Pyrosequencing — a robust method for detecting antiviral resistance in seasonal and 2009 A (H1N1) influenza A viruses circulating with Department of Defense populations


Resistance to antiviral agents in influenza A viruses has steadily increased globally. The Centers for Disease Control (CDC) has reported incidences of 100% adamantane resistance in some influenza A subtypes and >98% of previous seasonal A/H1N1 is resistant to Oseltamivir. Single nucleotide polymorphisms (SNPs) with matrix (M2) and neuraminidase (NA) genes correlate well with in vitro and in vivo evidence of antiviral resistance. Pyrosequencing can be optimized to produce short, targeted genetic sequences that contain non-synonymous nucleotide changes that correlate with resistance to antiviral chemotherapeutics. The US Air Force School of Aerospace Medicine has employed Pyrosequencing to detect molecular markers of antiviral resistance within M2 and NA genes of influenza A viruses collected from Department of Defense (DoD) populations. A quick, highly sensitive, and cost-effective alternative to Sanger sequencing, Pyrosequencing allows rapid detection of common SNPs associated with adamantane and neuraminidase inhibitor (NAI) resistance respectively. Monitoring antiviral susceptibility within DoD populations complements influenza surveillance efforts and allows timely information exchange with the Armed Forces Health Surveillance Center, DoD sentinel sites, public health agencies, and collaborative partners.

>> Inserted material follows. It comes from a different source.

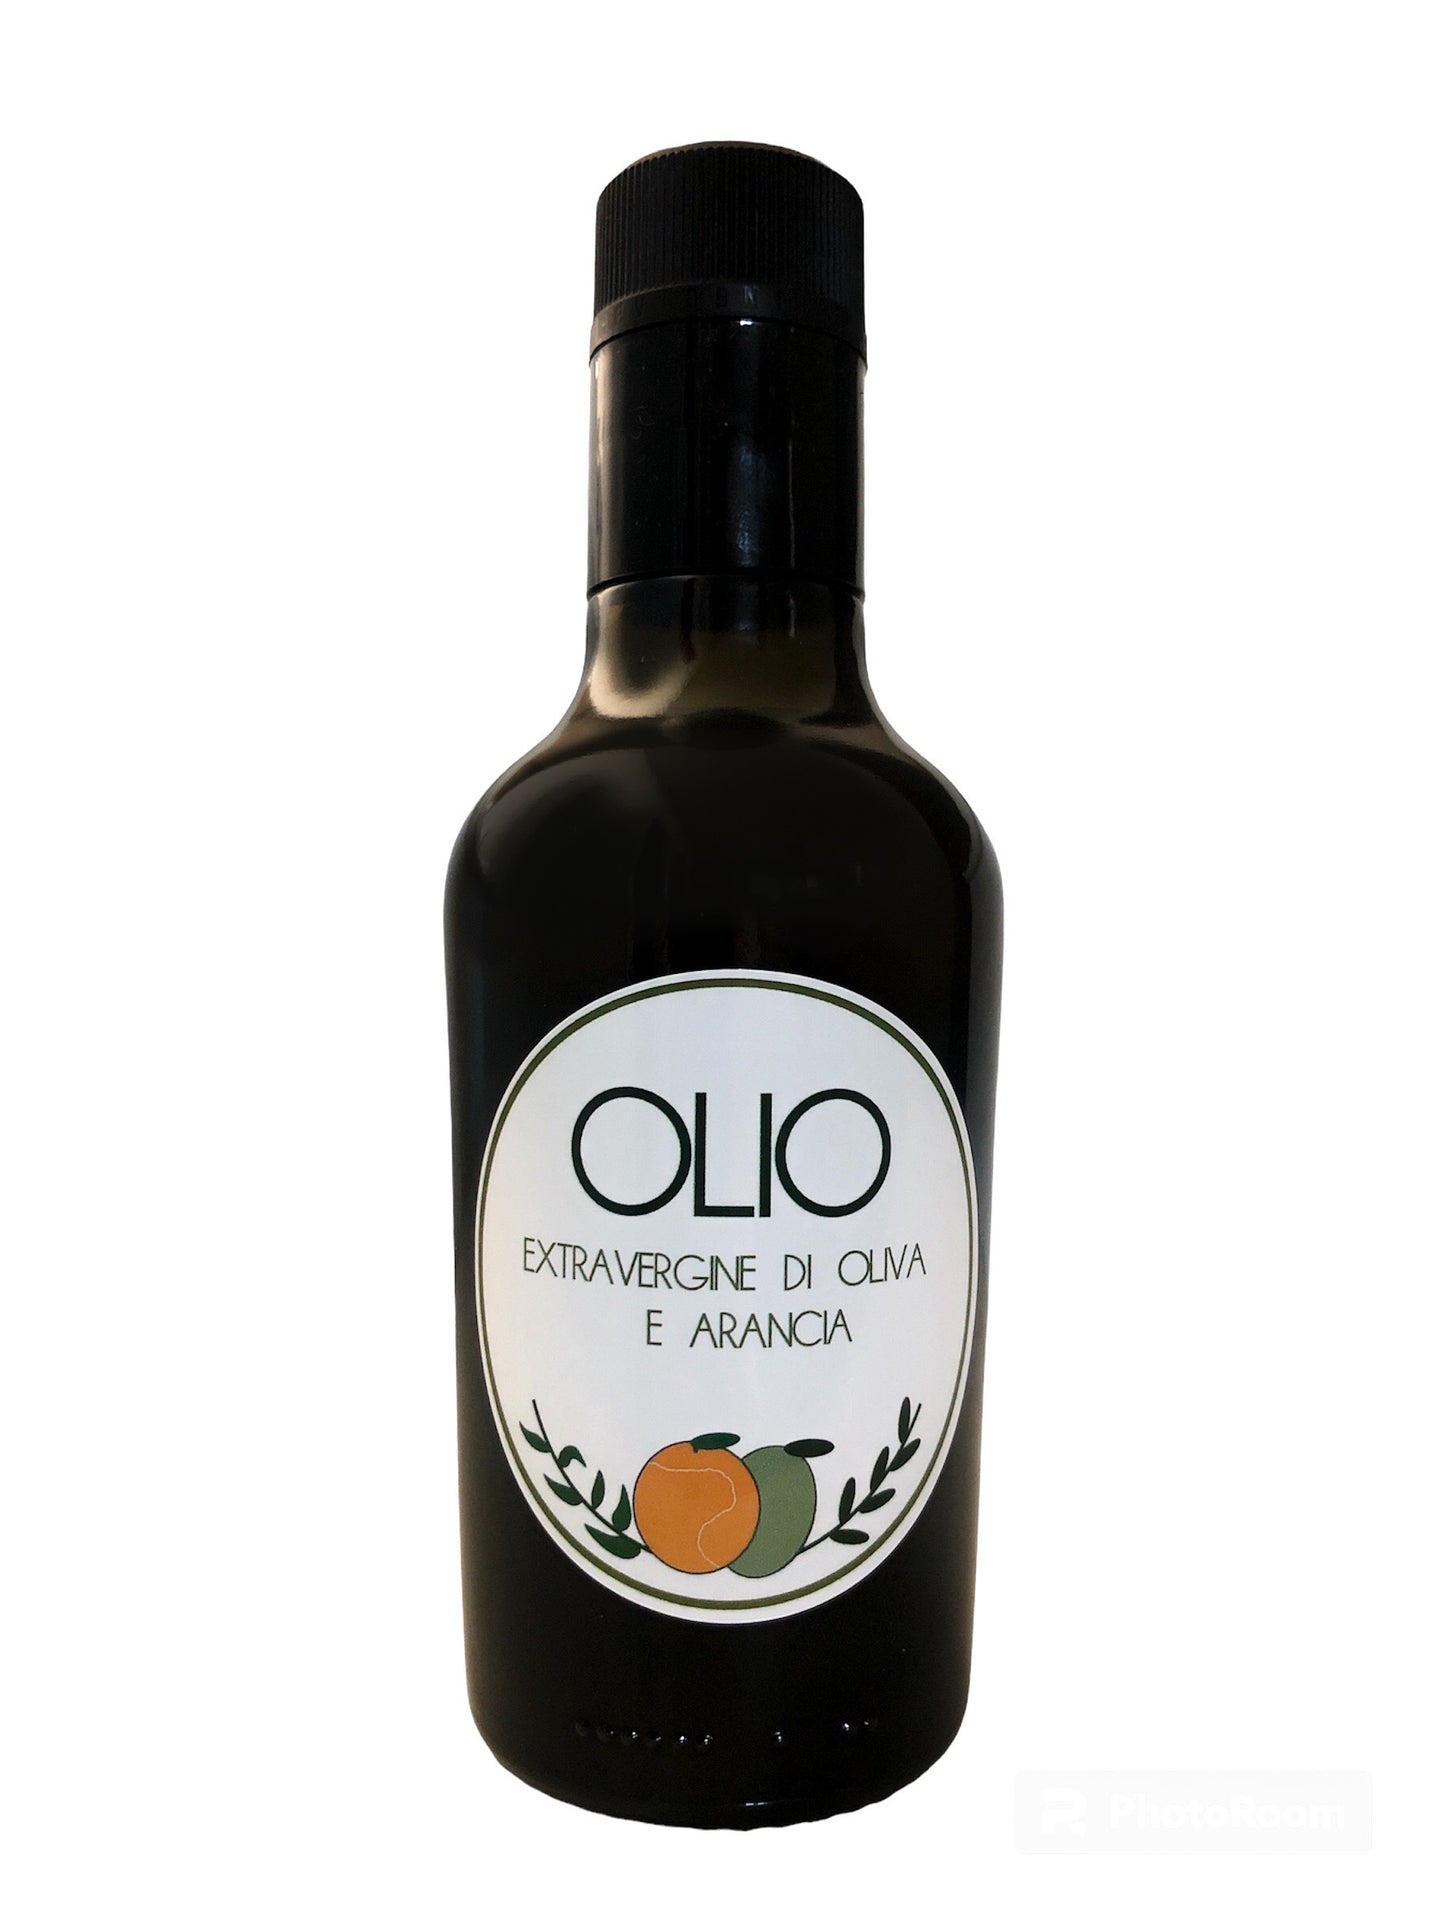 Olio Extravergine di oliva e Arancia

This presentation provides:

An overview of the PyroMark Pyrosequencing based detection platform
An introduction to the DoD sentinel-based influenza surveillance program
A description of efforts to incorporate assays to detect M2-blocker and NAI susceptibilities in seasonal A/H3N2 viruses into the DoD program

Frank Fischinger MS, MBA

Frank Fischinger is currently a senior member of QIAGEN's North American PyroMark Field Applications Group. Frank is one of QIAGEN's Pyrosequencing experts providing field support to researchers and clinicians with their PyroMark systems and Pyrosequencing applications. Frank has five years experience in methylation assay design, assay optimization, and assay troubleshooting using Pyrosequencing technology. In addition, Frank has managed the Clinical Neuroimmunology lab at the University of Chicago and has provided field technical support for Abbot Molecular Diagnostics Fluorescent In-Situ Hybridization and Microarray platforms. Frank was awarded an MS/MBA dual degree in Molecular Pharmacology and Marketing from Loyola University Chicago.
Jason L. Garner

Jason L. Garner is a Senior Molecular Biologist with the Henry M. Jackson Foundation for the Advancement of Military Medicine and US Air Force School of Aerospace Medicine (USAFSAM) at Brooks City-Base in Texas. Mr. Garner's career in research, molecular biology, and clinical diagnostics spans almost 10 years, supplemented by over 10 years in operations management. Currently, Mr. Garner's primary activities include high-throughput detection, isolation, and molecular characterization of global seasonal/pandemic influenza A & B viruses within Department of Defense communities. Mr. Garner leads analyses efforts with USAFSAM that contribute to FDA/VRBPAC annual flu vaccine selection considerations and has developed, validated, and implemented novel molecular-based clinical diagnostic assays for Department of Defense flu surveillance efforts. Mr. Garner is a Tier II Honors graduate from the University of Texas at San Antonio with a BS in Biology and MS in Cell/Molecular Biology as well as an NIH graduate fellow. Mr. Garner has authored and co-authored over 20 journal articles, posters, and oral presentations.